Regarding to claim 4:
 	Natarajan discloses The method of claim 2, wherein the first probabilistic data structure is associated with a first identifier type ([0048] The detection processing filter 112 thus improves performance of queries where the answer to a request … whether content at a given URL has been scanned … the detection processing filter 112 may be a Bloom filter implemented by a single hash function) and the second probabilistic data structure is associated with a second identifier type ([0047] identify the Uniform Resource Locator (URL) address of URL requests as the information key and hash the URL address; or may identify the file name and the file size of an executable file information key. [0050] the detection processing filter 122 may be a guard table … the master threat data 124 may classify content items by threat classifications, e.g., a list of known viruses, a list of known malware sites, spam email domains, list of known or detected phishing sites, etc. [0100] packets having IP address, DNS name or URL matching the search string), and wherein the first identifier type or the second identifier type comprise: 
a username ([0043] user login credentials for registered users of the enterprise 200 system. Such credentials may include a user identifiers, login passwords, and a login history associated with each user identifier); 
an access token; 
a device identifier; 
an application identifier; 
a query identifier (0047] identify the Uniform Resource Locator (URL) address of URL requests. [0048] queries where the answer to a request for information is usually positive.

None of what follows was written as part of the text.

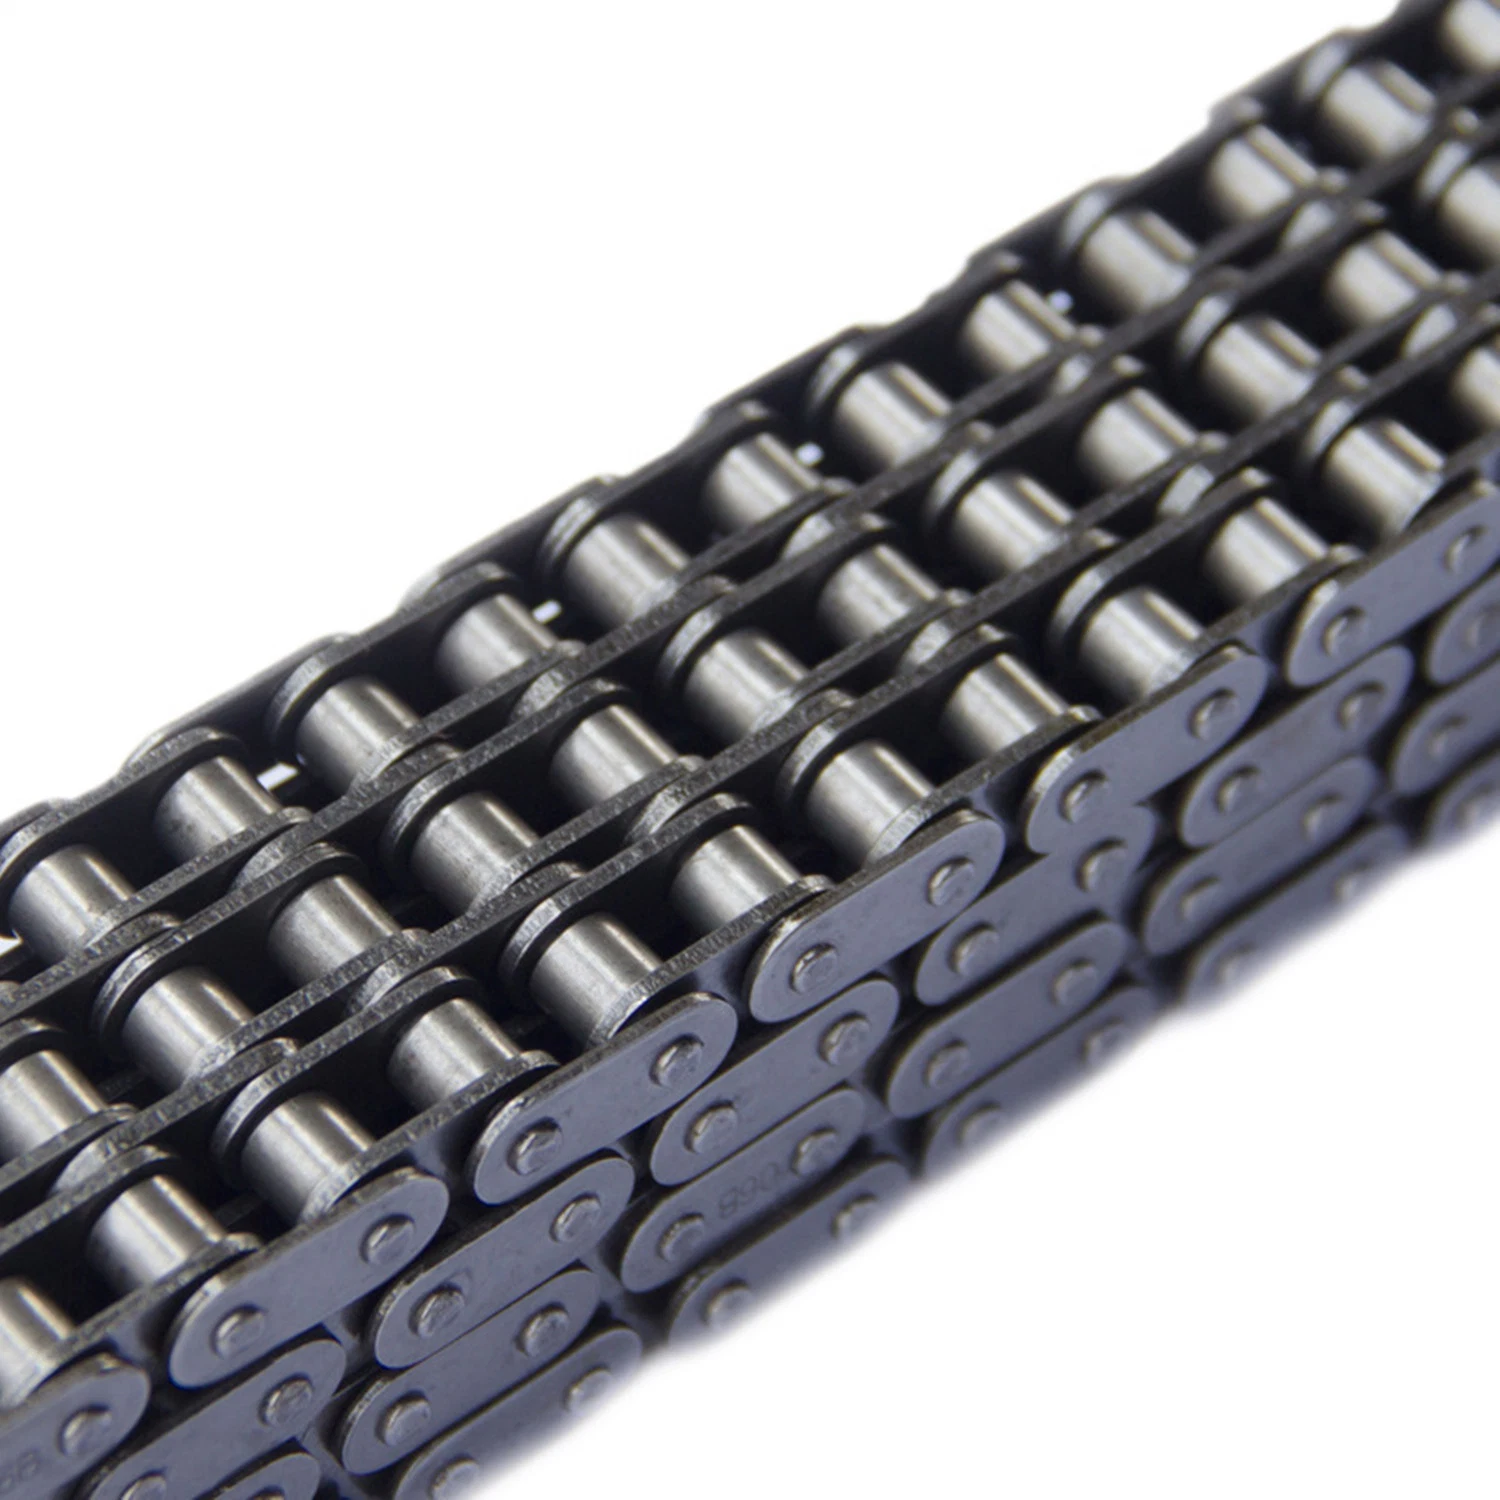 Martin Gearbox 08b High Strength and Wear Resistance Short Pitch Precision Transmission Roller Chains for Industrial and Agricultural
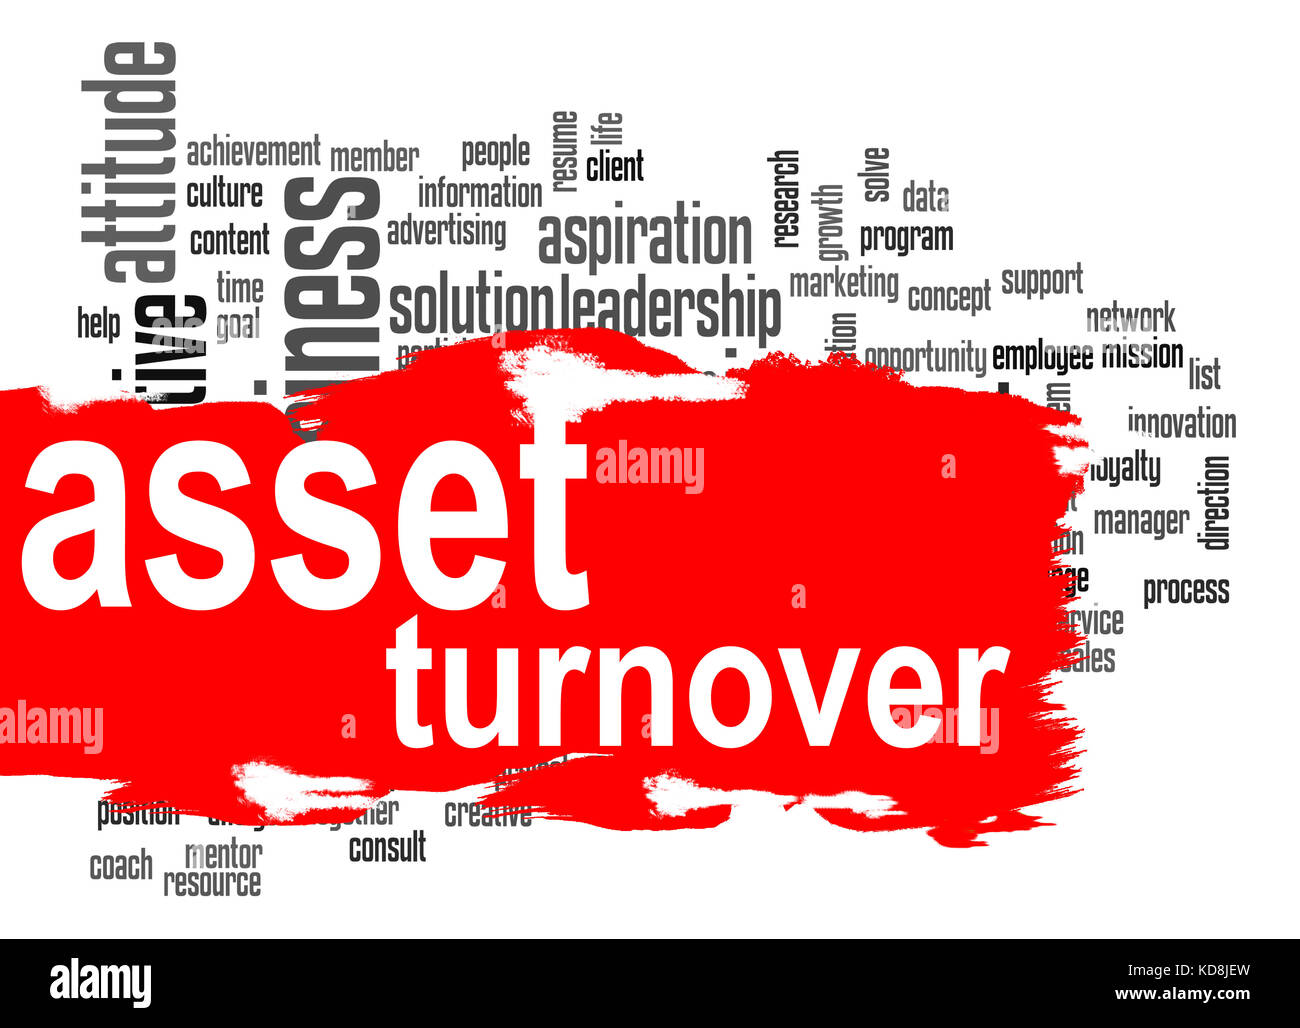 Asset turnover word cloud with red banner image with hi-res rendered artwork that could be used for any graphic design. Stock Photo

Such instances may include, for example, whether content at a given URL has been scanned); or 
a process identifier (0047] identify the Uniform Resource Locator (URL) address of URL requests.  

Regarding to claim 6:
Natarajan discloses The method of claim 1, wherein the first action comprises at least one of ([0048] Thus, if the detection processing filter 112 indicates that the content item has not been processed, then a worst case null lookup operation into the threat data 114 is avoided, and a threat detection can be implemented immediately.): 
logging the network event ([0039 receives user requests to external servers [0043] user login credentials for registered users of the enterprise 200 system. Such credentials may include a user identifiers, login passwords, and a login history associated with each user identifier. [0047] identify the Uniform Resource Locator (URL) address of URL requests); 
providing an alert or a notification to at least one of an owner or administrator of the resource; denying access to the resource; 
dropping traffic associated with the network event; 
rerouting traffic associated with the network event; 
isolating traffic associated with the network event; or 
terminating a connection associated with the network event.  

Regarding to claim 7:
Natarajan discloses The method of claim 1, wherein the probabilistic data structure comprises at least one of: 
a Bloom filter ([0048] the detection processing filter 112 may be a Bloom filter implemented by a single hash function. The Bloom filter may be sparse table, i.e., the tables include many zeros and few ones); 
a counting Bloom filter; 
a Ribbon filter; 
an XOR filter; or 
a cuckoo filter.  

Regarding to claim 8:
Natarajan discloses A system for intrusion detection comprising: 
a processor ([0005] a processor); and 
a memory device that stores program code structured to cause the processor to ([0005] a processor communicatively coupled to the network interface and the data store; memory storing instructions that, when executed, cause the processor to): 
[Rejection rationale for claim 1 is applicable].

Regarding to claim 9:
[Rejection rationale for claim 2 is applicable].

Regarding to claim 10:
[Rejection rationale for claim 3 is applicable].

Regarding to claim 11:
[Rejection rationale for claim 4 is applicable].

Regarding to claim 13:
[Rejection rationale for claim 6 is applicable].

Regarding to claim 14:
[Rejection rationale for claim 7 is applicable].

Regarding to claim 15:
Natarajan discloses A computer-readable storage medium comprising computer-executable instructions, that when executed by a processor, cause the processor to ([0005] a processor communicatively coupled to the network interface and the data store; memory storing instructions that, when executed, cause the processor to): 
[Rejection rationale for claim 1 is applicable].

Regarding to claim 16:
[Rejection rationale for claim 2 is applicable].

Regarding to claim 17:
[Rejection rationale for claim 3 is applicable].

Regarding to claim 18:
[Rejection rationale for claim 4 is applicable].

Regarding to claim 20:
[Rejection rationale for claim 6 is applicable].

Claim Rejections - 35 USC § 103
The following is a quotation of 35 U.S.C. 103 which forms the basis for all obviousness rejections set forth in this Office action:

A patent for a claimed invention may not be obtained, notwithstanding that the claimed invention is not identically disclosed as set forth in section 102 of this title, if the differences between the claimed invention and the prior art are such that the claimed invention as a whole would have been obvious before the effective filing date of the claimed invention to a person having ordinary skill in the art to which the claimed invention pertains. Patentability shall not be negated by the manner in which the invention was made.
	
 	The factual inquiries set forth in Graham v. John Deere Co., 383 U.S. 1,148 USPQ 459 (1966), that are applied for establishing a background for determining obviousness under pre- AIA  35 U.S.C. 103(a) are summarized as follows: 	1. Determining the scope and contents of the prior art. 	2. Ascertaining the differences between the prior art and the claims at issue. 	3. Resolving the level of ordinary skill in the pertinent art. 	4. Considering objective evidence present in the application indicating obviousness or nonobviousness. 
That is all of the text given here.